Ава посмеивается и касается своим носом моего.
– Похоже, он сильно любил ее.
Я позволяю себе улыбнуться ее комментарию.
– Даже будучи ребенком, я чувствовал исходящую от них любовь. Однако, только когда он ушел, я понял, как сильно они любили друг друга. Он был всем ее миром, а она – его.
Мои глаза горят, но я сглатываю слезы и говорю снова.
– Маме пришлось нелегко. Тяжело было смотреть, как ей больно. Я просыпался посреди ночи и слышал, как она плачет в их комнате. После первых нескольких ночей я начал вставать, когда слышал ее плач. Я просто обнимал ее, пока она в конце концов не засыпала.
– Что с ним случилось? – чертовски мягко спрашивает Ава.
– Когда мне было тринадцать, его сбил пьяный водитель. Скорая помощь сказала, что он умер на месте. Водителем оказался просто глупый подросток, которому следовало позвонить кому-нибудь, чтобы его забрали домой с вечеринки, а он в итоге проехал на красный.
И только когда Ава проводит большим пальцем под моими глазами, я понимаю, что по моим щекам текут слезы. Я пытаюсь остановить их, но, когда чувствую давление в горле, понимаю, что слишком поздно. Мои плечи опускаются, а Ава запускает пальцы в волосы на моем затылке и притягивает к себе, прижимая мое лицо к своей груди.
Слезы текут быстрее, пока вся боль, которую я подавлял на протяжении многих лет, вырывается из меня.
– Я здесь. Тебе больше не нужно держать это в себе, – шепчет Ава, продолжая успокаивающе проводить пальцами по моим волосам.
Мое тело вздрагивает, пока я тихо всхлипываю, наконец-то поддавшись всем накопившимся эмоциям, которые так долго сдерживал. Некоторое время мы сидим молча, пока у меня вытекают последние слезы и я снова могу нормально дышать.

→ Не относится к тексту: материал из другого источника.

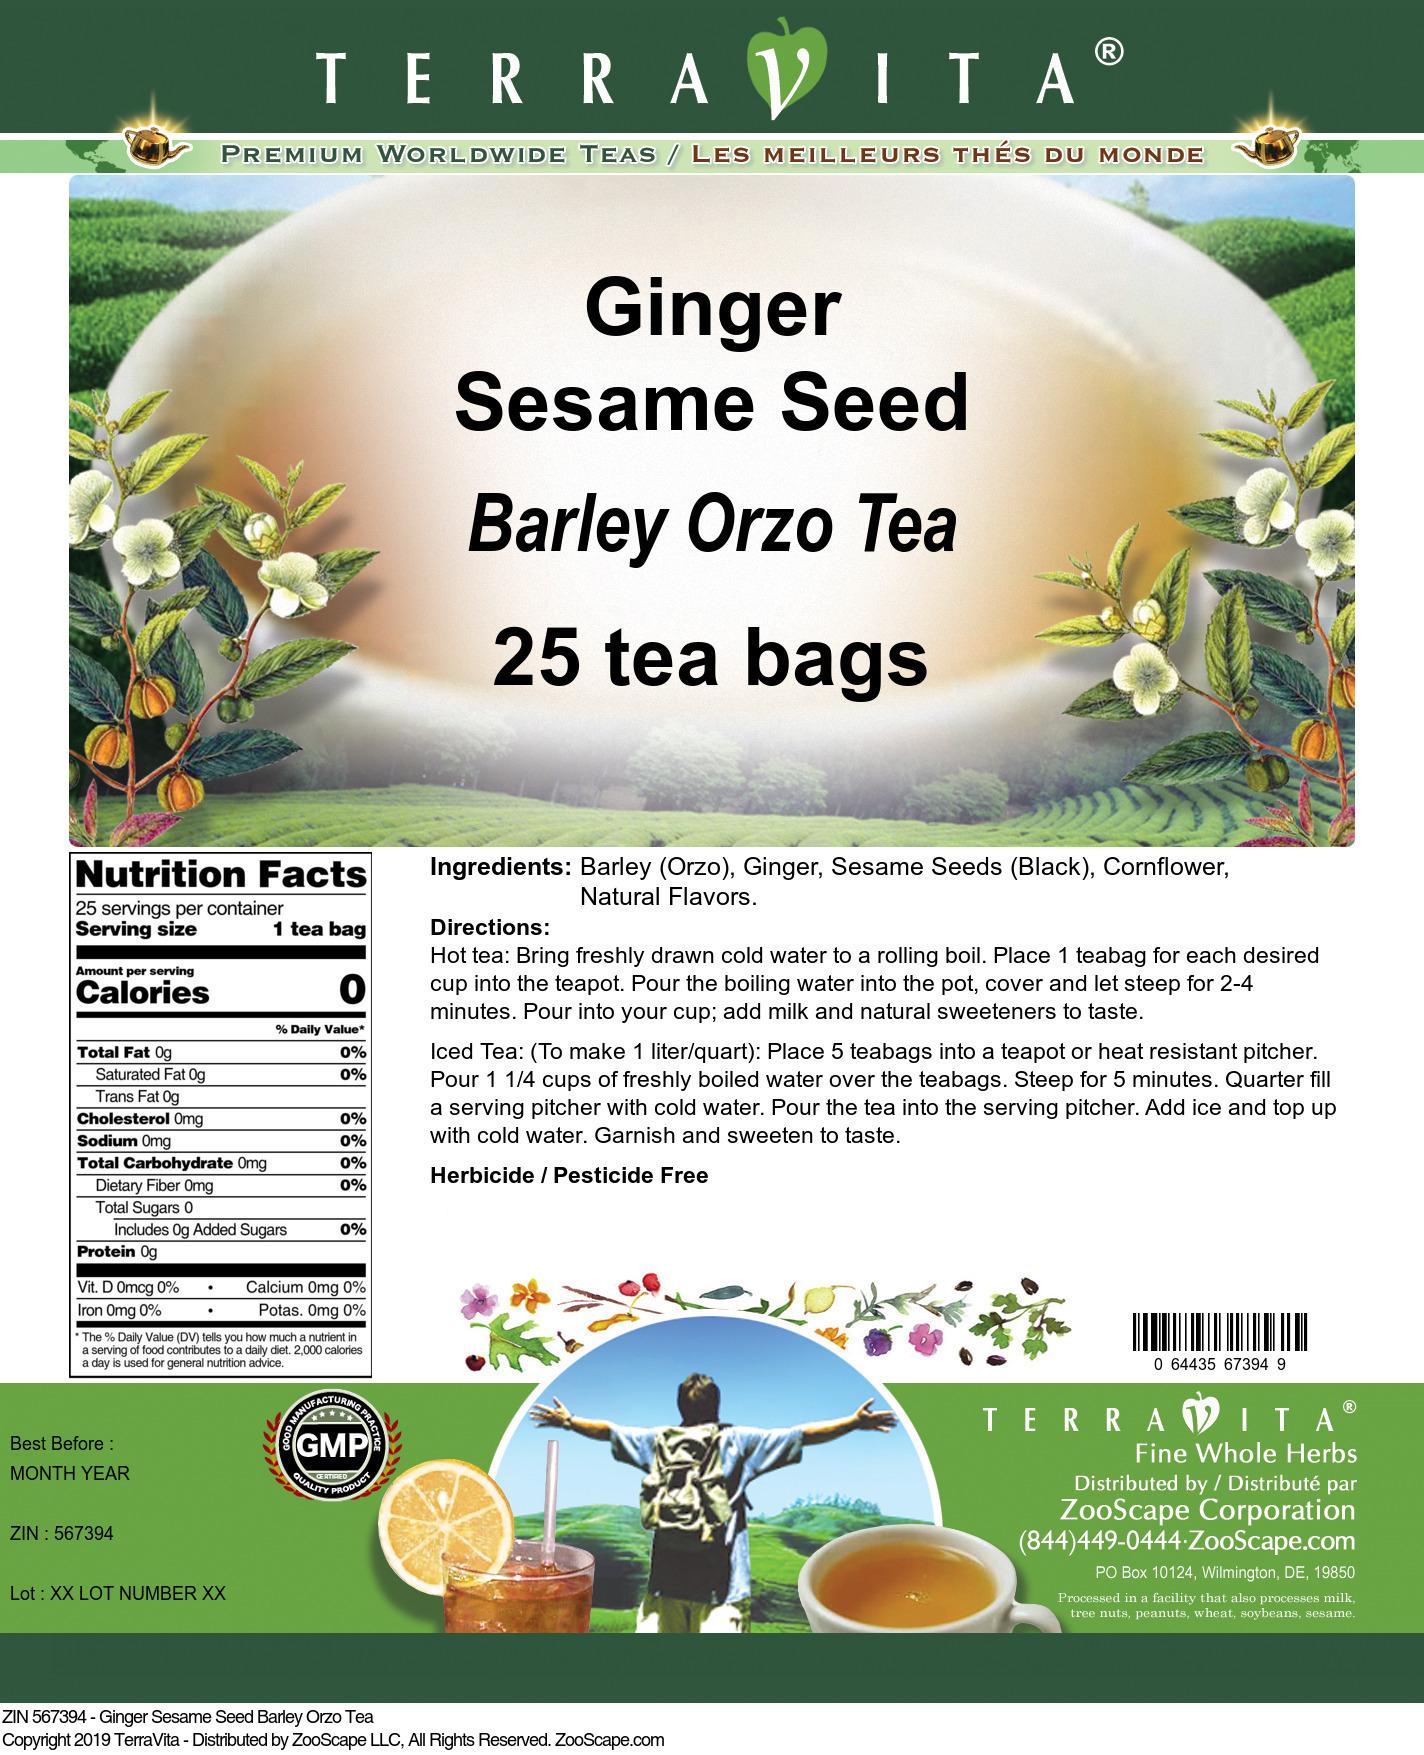 Ginger Sesame Seed Barley Orzo

– Я хочу тебе кое-что показать, – говорю я, отстраняясь от нее и вытирая мокрое лицо.
Одним быстрым движением я закидываю руку назад и стягиваю футболку через голову, бросая ее на кровать рядом с нами.
Приоткрыв губы, Ава смотрит на мой обнаженный торс, в ее глазах вспыхивает желание, прежде чем она моргает.
– Ты раздеваешься.
Уголки моих губ растягивает улыбка.
– Дай мне повернуться.
Она скатывается с моих колен, и я поворачиваюсь к ней спиной, показывая татуировку, глубоко въевшуюся в мою кожу. Она водит пальцами по татуировке, и я вздрагиваю.
– Я сделал ее в память о папе. Теперь ты единственная, кроме мамы и Грей, кому известно ее значение.
Ава втягивает воздух и целует мое правое плечо, а потом левое.
– Я помню, в каком восторге был в тот день, когда мама согласилась подписать разрешение сделать ее. Это был мой шестнадцатый день рождения, и после двух лет ежедневного нытья она наконец сдалась.
Мы с татуировщиком часами перерисовывали эскиз, пока я не решил, что он достаточно хорош. Никогда не забуду мамино лицо, когда я ей показал. Ее глаза наполнились слезами от первого же взгляда на бумагу.
Татуировка – это своего рода картина, воспоминание. Действие происходит в середине зимы, с сугробами пушистого белого снега и высокими голыми деревьями на берегу замерзшего озера. Мальчик в полной хоккейной экипировке поднял хоккейную клюшку, готовый забросить шайбу в ближайшие ворота. На спине его свитера, над номером одиннадцать написано «Хаттон». Счастливое число моего отца, а теперь и мое.
Но самая значимая часть татуировки – это крест, спрятанный между деревьями и за сугробом. Он скрыт, потому что на кресте написана дата смерти моего отца.
– Красиво.
– Да, – соглашаюсь я.
– Ты же знаешь, что он гордится тобой, верно? – тихо говорит Ава.
Гордится ли? Мне нравится думать, что да. Я старался быть хорошим человеком, не желая подводить его. И теперь могу только надеяться, что он доволен тем, что видит.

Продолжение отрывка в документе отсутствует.